▶ ACTION ITEM: Return the listing below exactly as it stands. Pictures stay out.

▶ DATA BELOW:
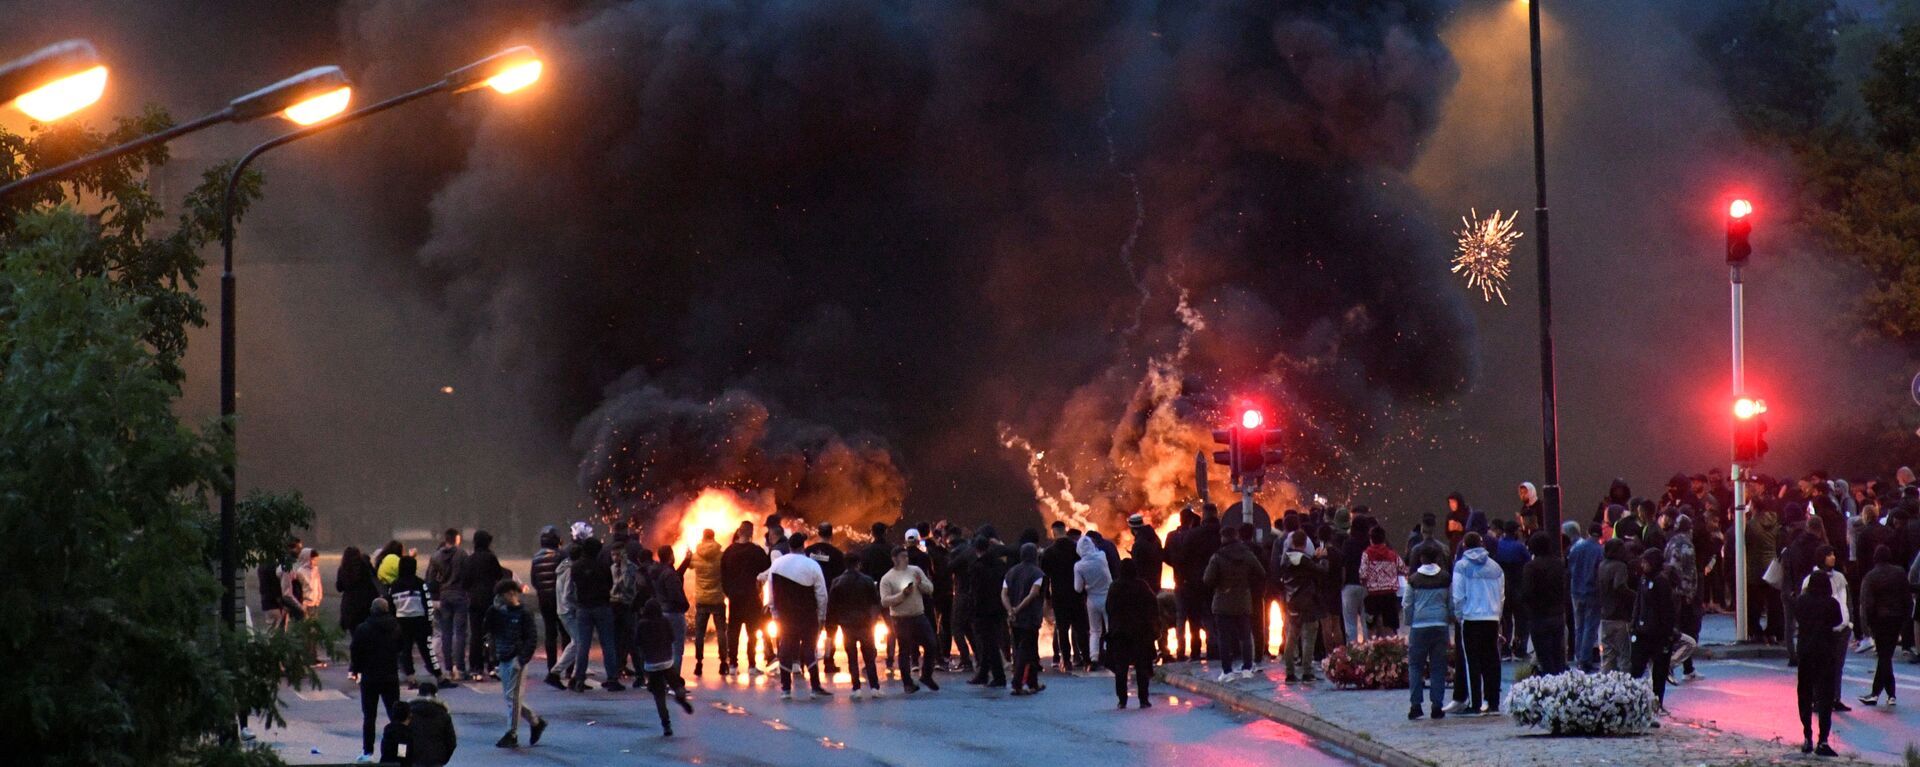 İsveç'in Malmö kentinin Rosengard semtinde göçmenlerin Kuran yakılmasına karşı düzenlediği protesto (28 Ağustos 2020) - Sputnik Türkiye, 1920, 31.08.2020
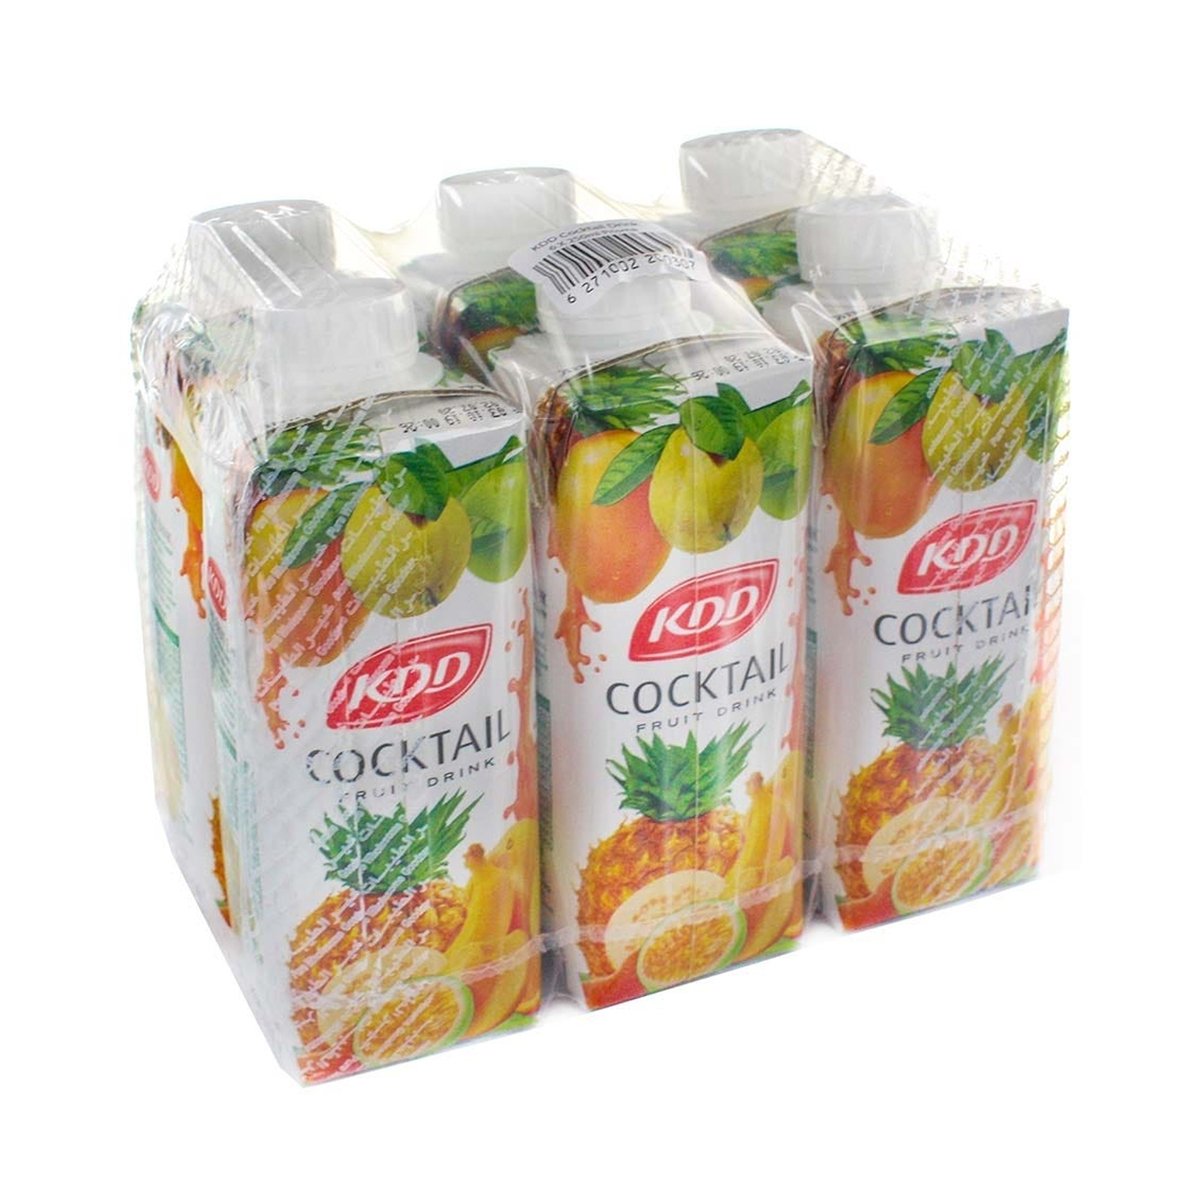 KDD Cocktail Fruit Drink 250ml
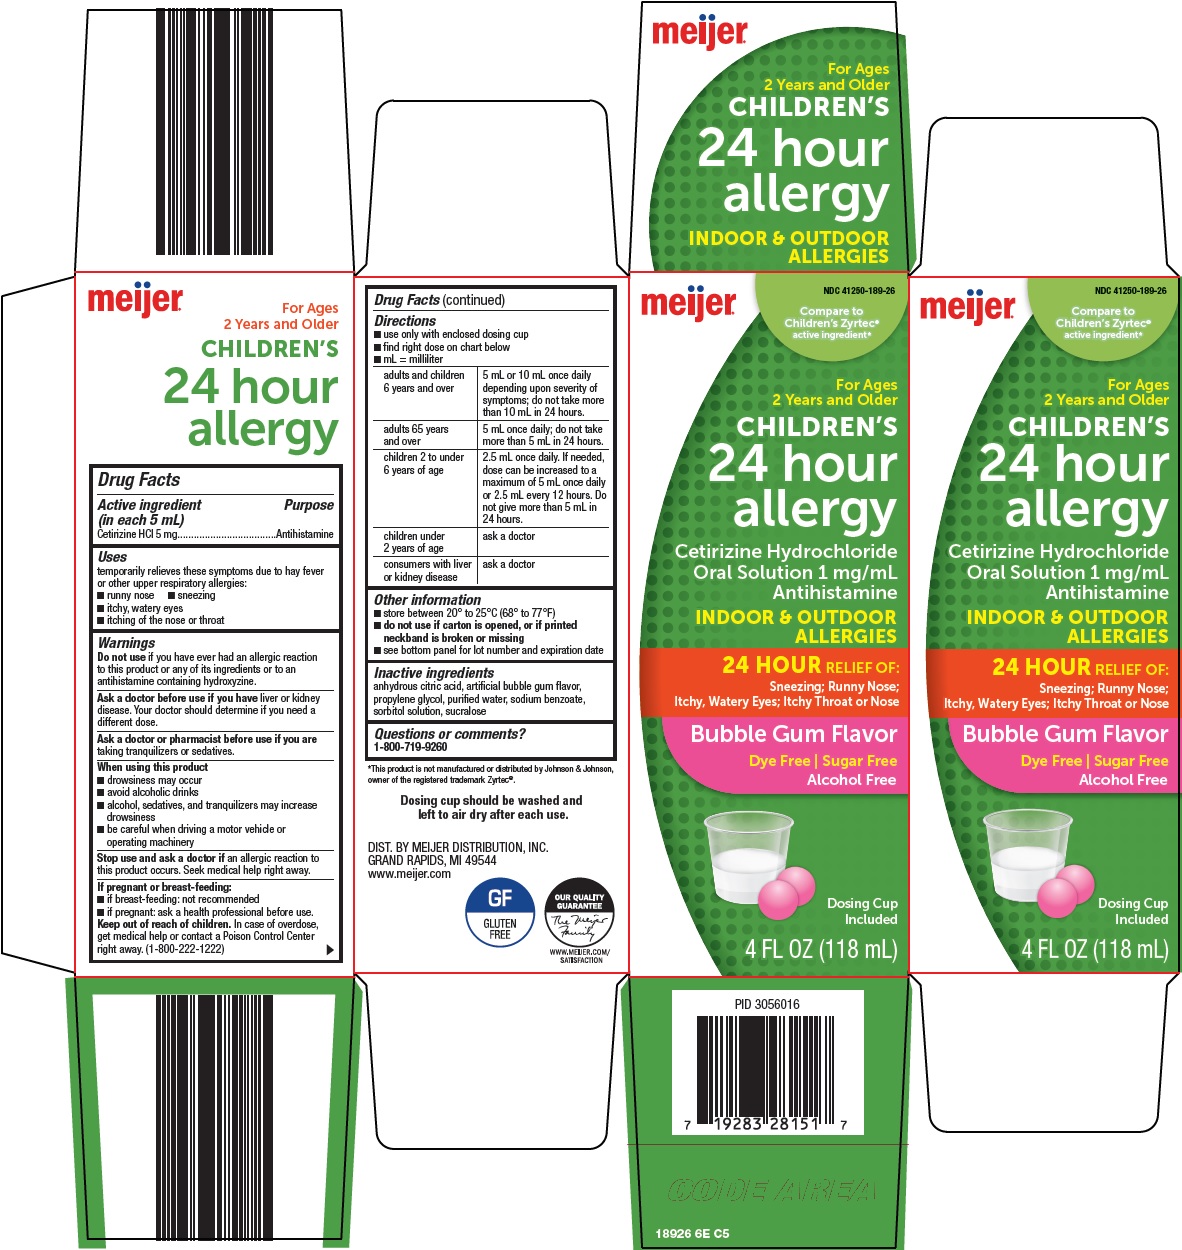 189-6e-childrens-24-hour-allergy.jpg

▶ TASK RESULT:
 İsveç'in Malmö kentinin Rosengard semtinde göçmenlerin Kuran yakılmasına karşı düzenlediği protesto (28 Ağustos 2020) - Sputnik Türkiye, 1920, 31.08.2020
 KDD Cocktail Fruit Drink 250ml
 189-6e-childrens-24-hour-allergy.jpg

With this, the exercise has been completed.